Her destination was the church, as tall as the purple sky and as old as the stone street beneath her feet. Its spires reached only up, but seemed to extend all around and into every home in the building's shadow. Three men of her family worked there: two as priests, one as a worshiper.
She passed familiar places on her way. So many nations had come to join with this one in those days. The signs on the shop doors were in many languages, some in the words of this land, others in Sanskrit and Gaelic and symbols she could not identify, but understood clearly because she'd been in each of these places many times.
Some sold pastries, others artwork and musical instruments, kites. One took in many items and gave them all away. It stayed in business for reasons that were hard to explain, but the more they gave away, the more they had.
She was a stone's throw from the cathedral when she began to think about her life. She'd lived many years so far, and had the sensation recently of being carried through them all. Her knees did not give out. Her steps were strong. She'd lived eight decades but had eyes like a child, filled with wonder. Each day was a new beginning. Each turn around a corner brought a new adventure. She looked forward to the coming day.
She was old. The church was older. In its lifetime it had changed more than she had. The faith at one time divided up into clusters, tiny groups of parishioners who believed one small thing over another small thing another group believed. But in these days the church was one united body. There was no place for discord, only worship, and no division, only reasons to sit together and pray.
She entered the building at the far end, as always overwhelmed by the amount of gold there. It sang like the sky and glimmered with its own light.
There is no one like the God of Jeshurun, who rides across the heavens to help you and on the clouds in his majesty.

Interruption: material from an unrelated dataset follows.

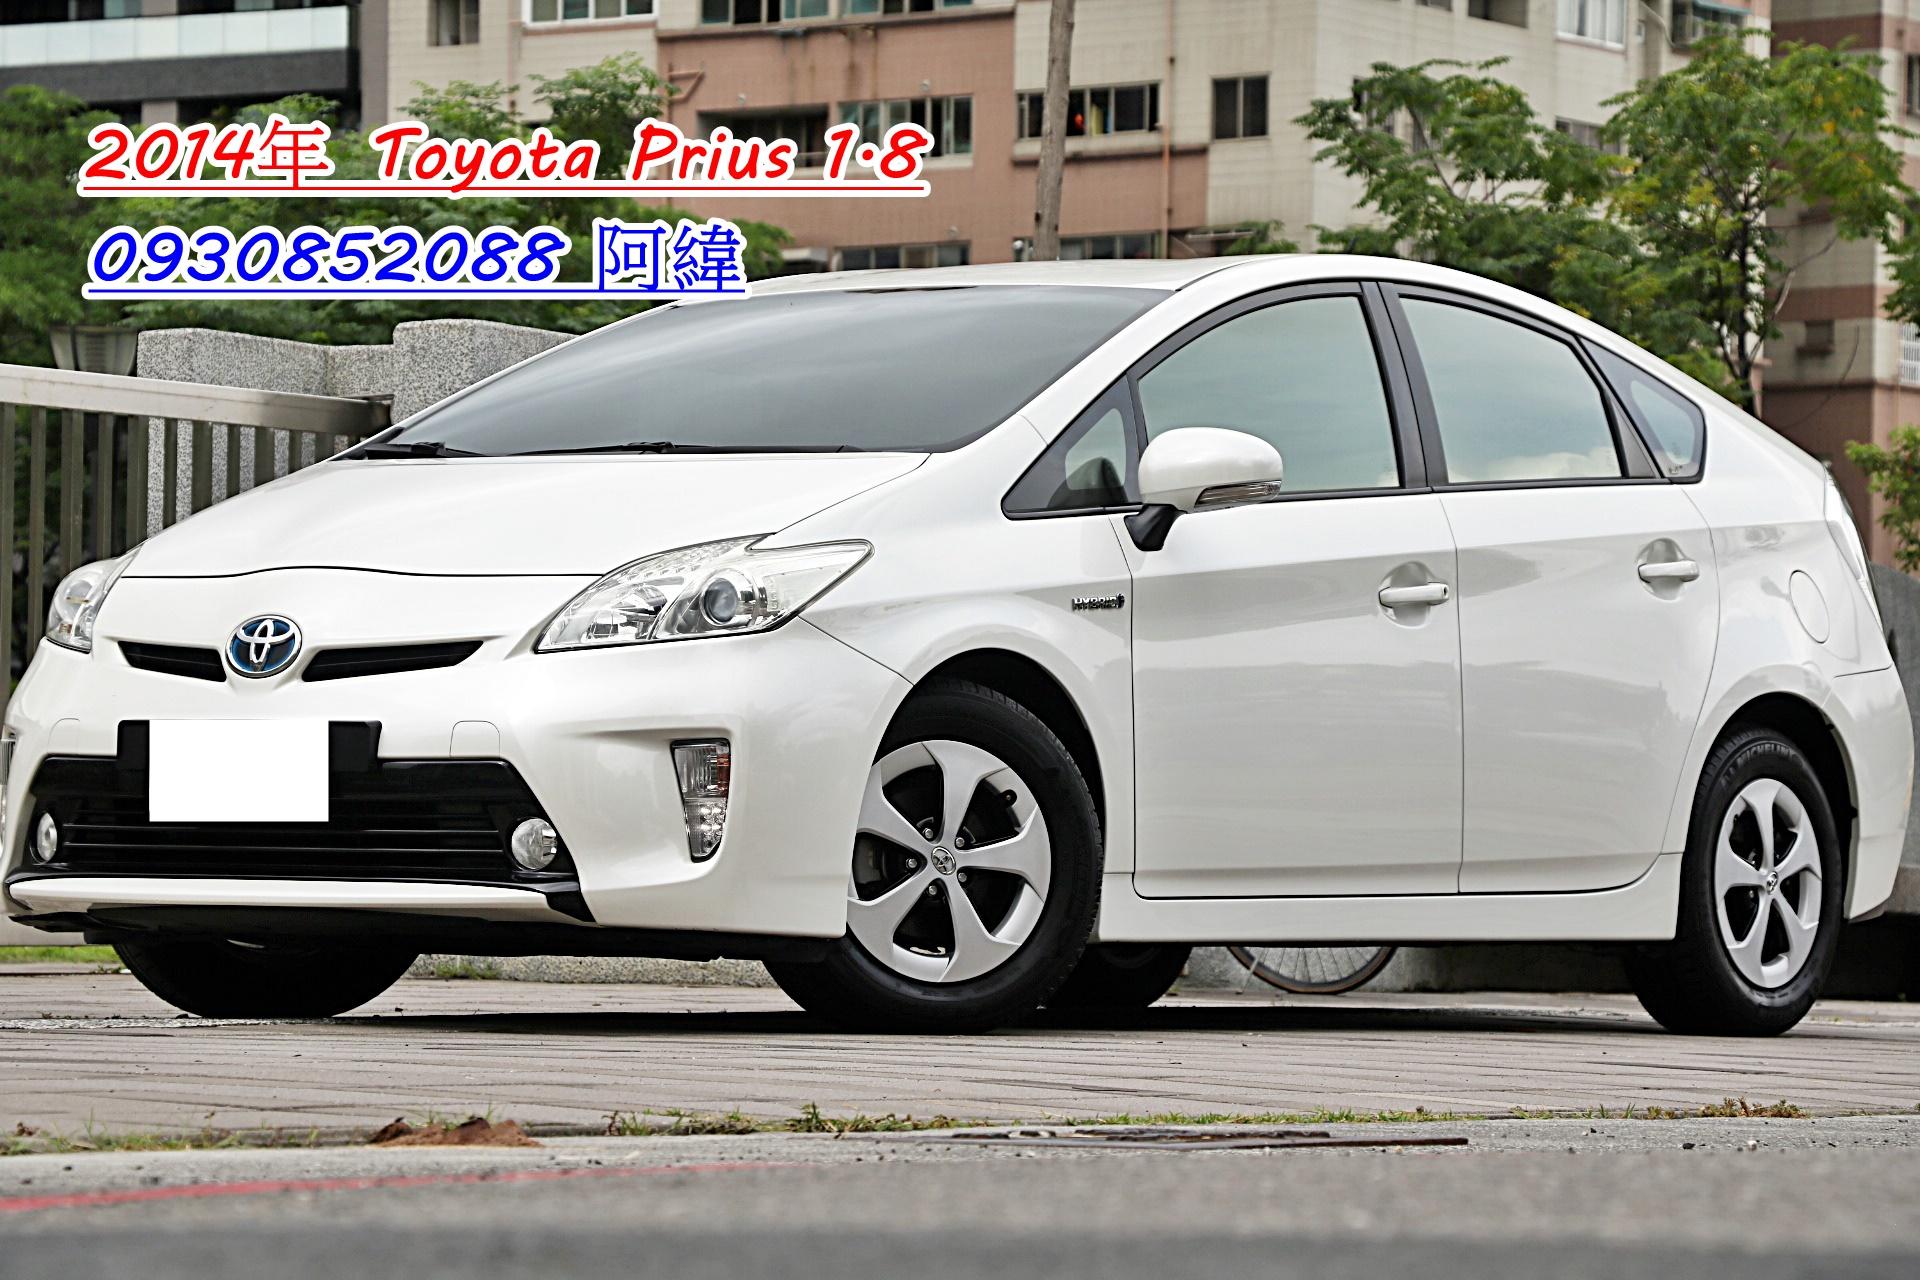 2014 Toyota 豐田 Prius
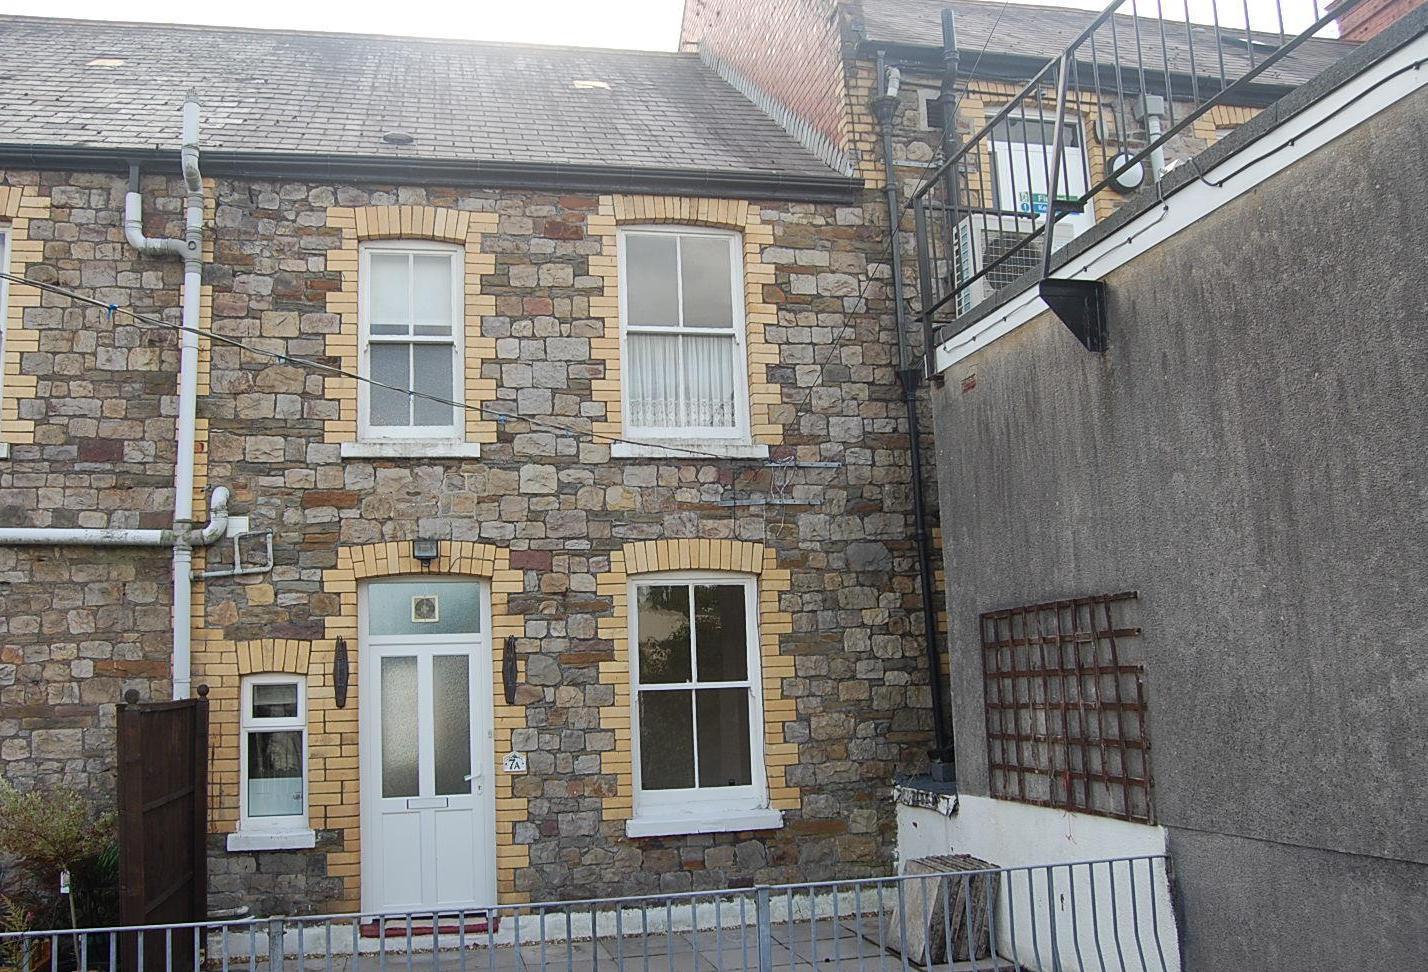 7a College Street, Ammanford, Carmarthenshire

Jeshurun: A poetical name of Israel, probably derived from a root meaning to be upright, and applied to the people of God as the objects of his justifying love, which does not "behold iniquity in Jacob," from ATS Bible Dictionary.
Fear not, O Jacob my servant, Jeshurun whom I have chosen.
In the movie Labyrinth, a teenage girl muscles her way through an elaborate series of adventures to get her baby brother back from Jareth, the Goblin King, played by David Bowie. He sings. He dances. She learns. She grows. At the beginning, some things seem important to her, but at the end, other things have taken their place.
Sarah: Through dangers untold and hardships unnumbered, I have fought my way here to the castle; beyond the goblin city, to take back the child that you have stolen. My will is as strong as yours, and my kingdom as great...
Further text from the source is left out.